§ SUPPLIED RECORDS
== Segment start ==
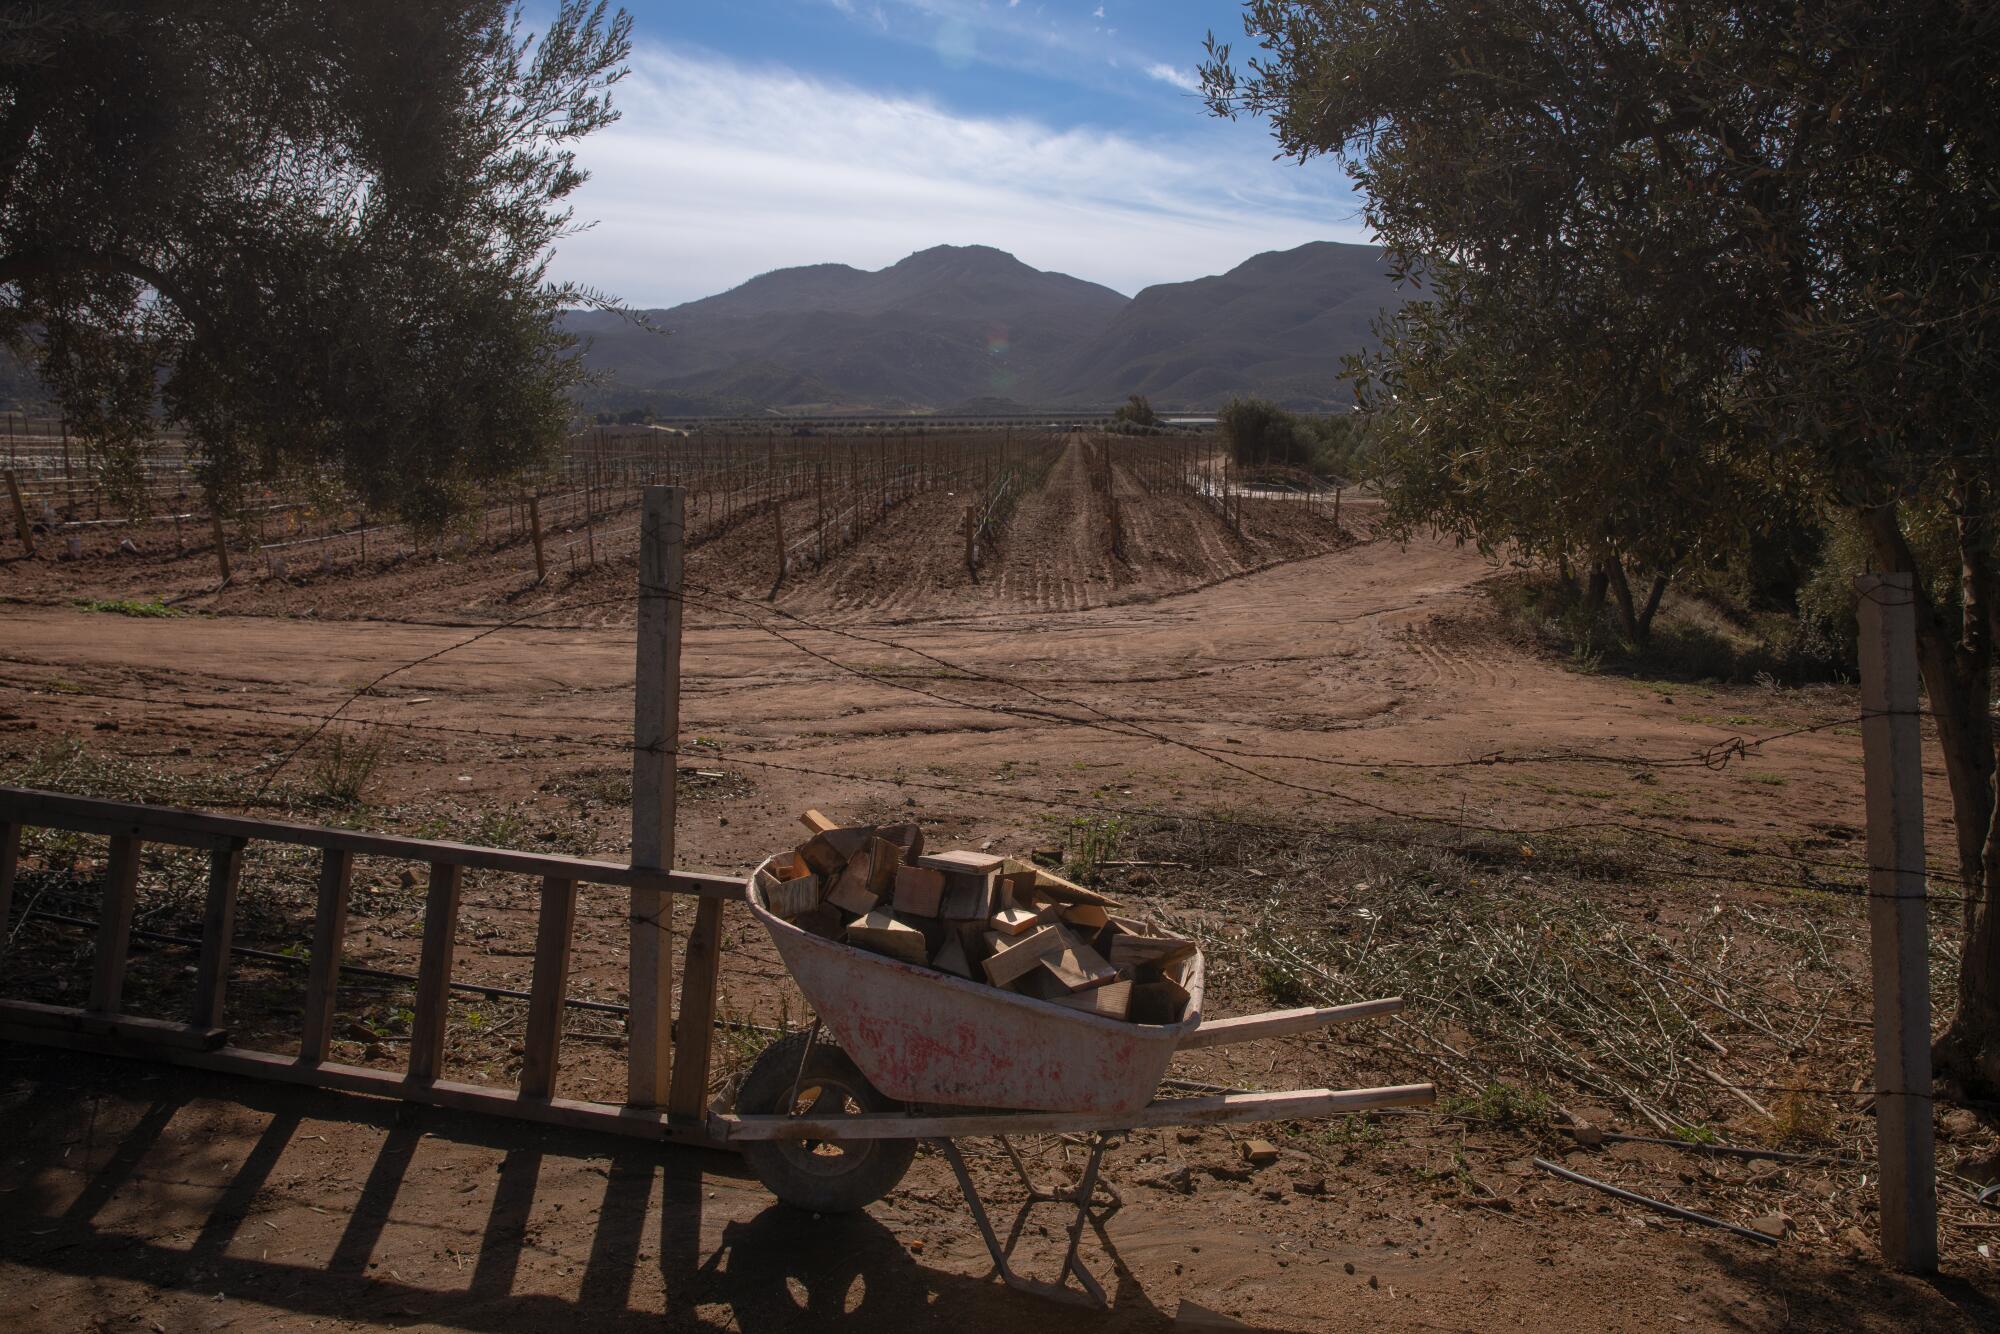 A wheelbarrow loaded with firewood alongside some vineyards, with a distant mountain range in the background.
== Segment end ==
== Segment start ==
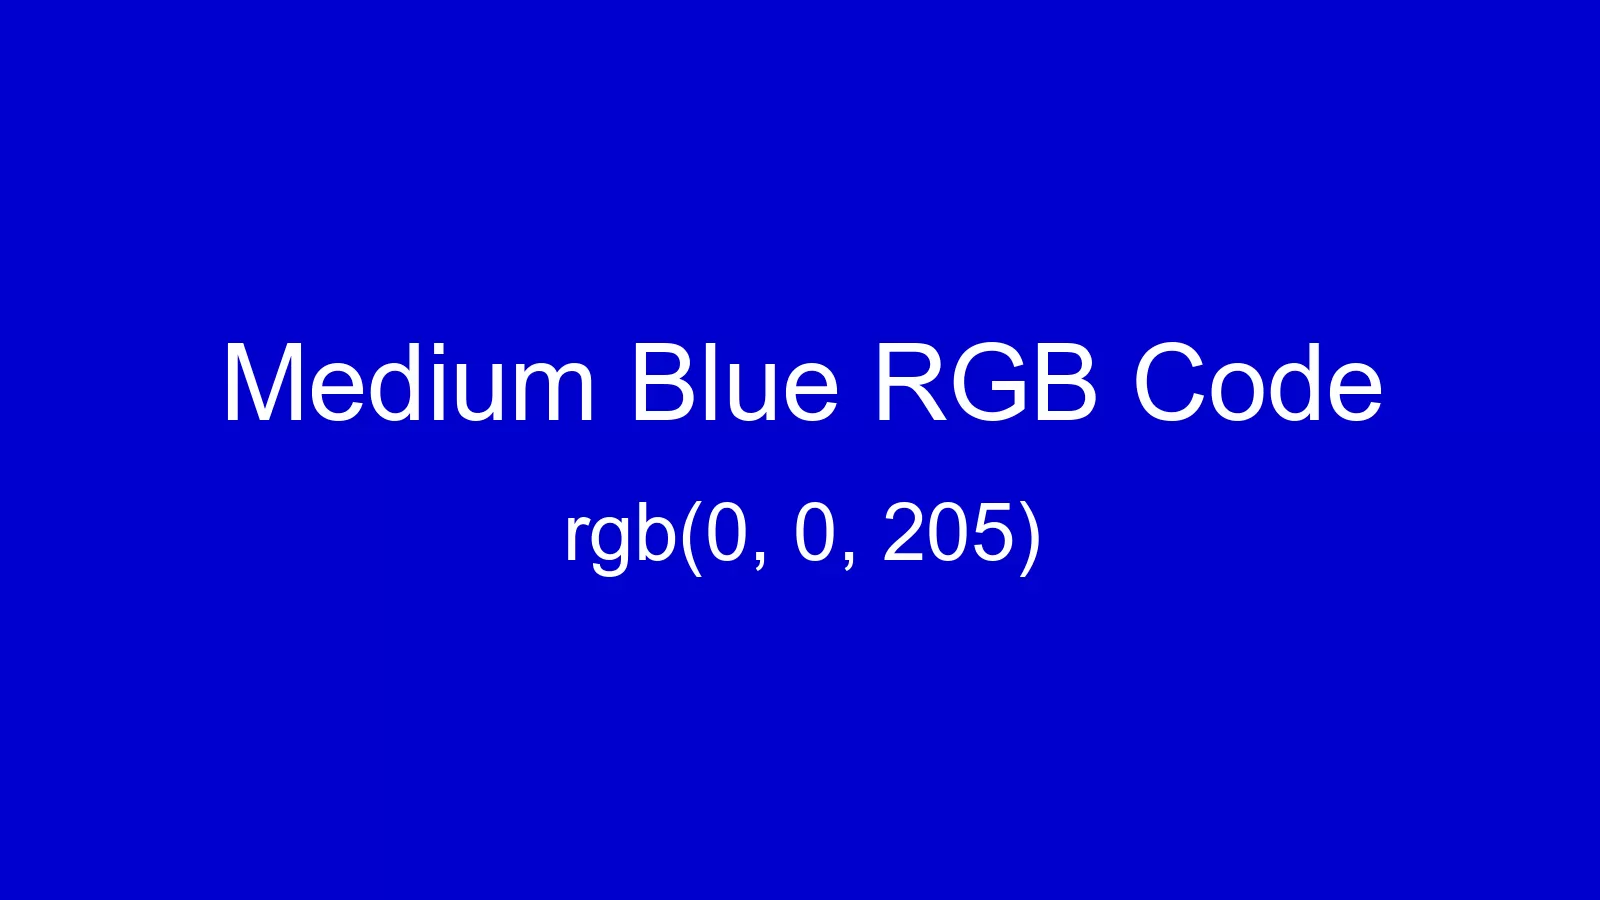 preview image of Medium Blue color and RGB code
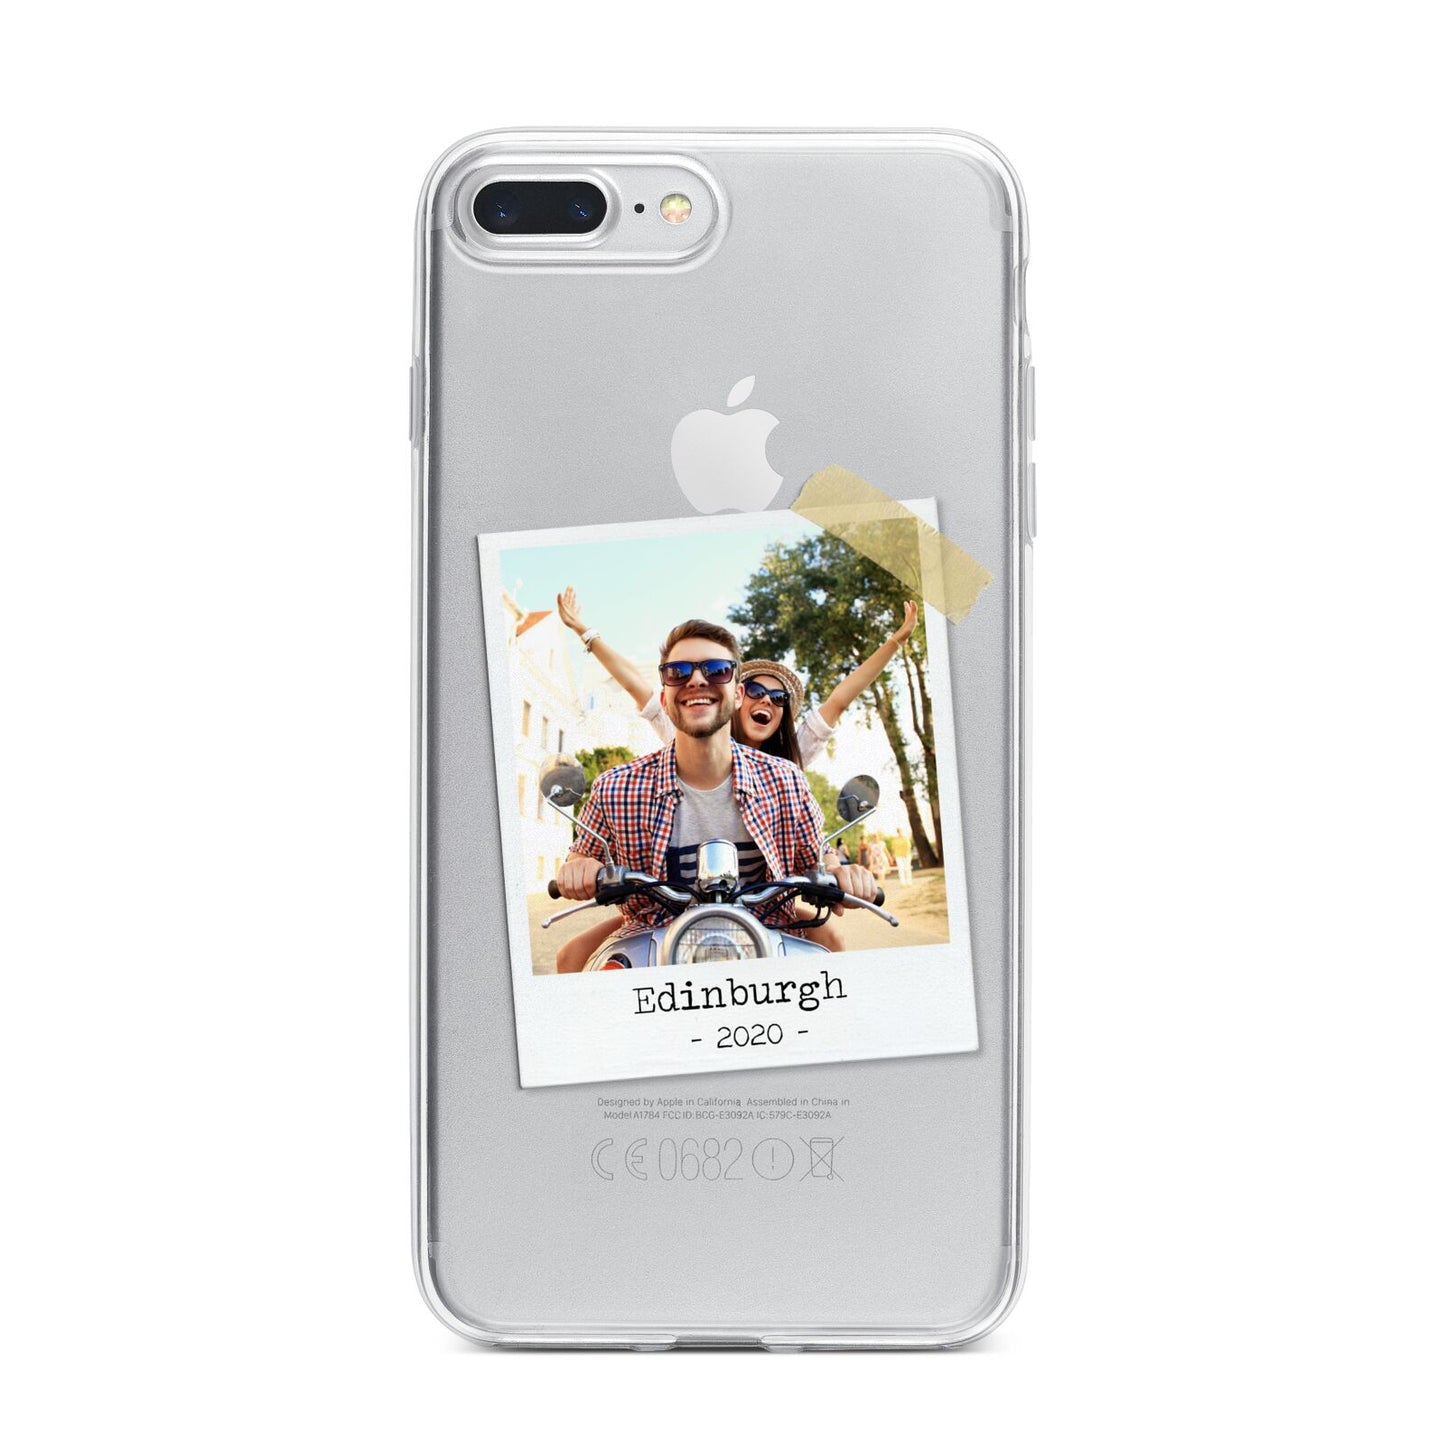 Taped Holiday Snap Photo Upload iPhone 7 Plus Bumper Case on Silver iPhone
== Segment end ==
Return the lines above from the one with "preview image of" through the one with "Taped Holiday Snap", verbatim and nothing else. Omit every picture.

 preview image of Medium Blue color and RGB code
 Taped Holiday Snap Photo Upload iPhone 7 Plus Bumper Case on Silver iPhone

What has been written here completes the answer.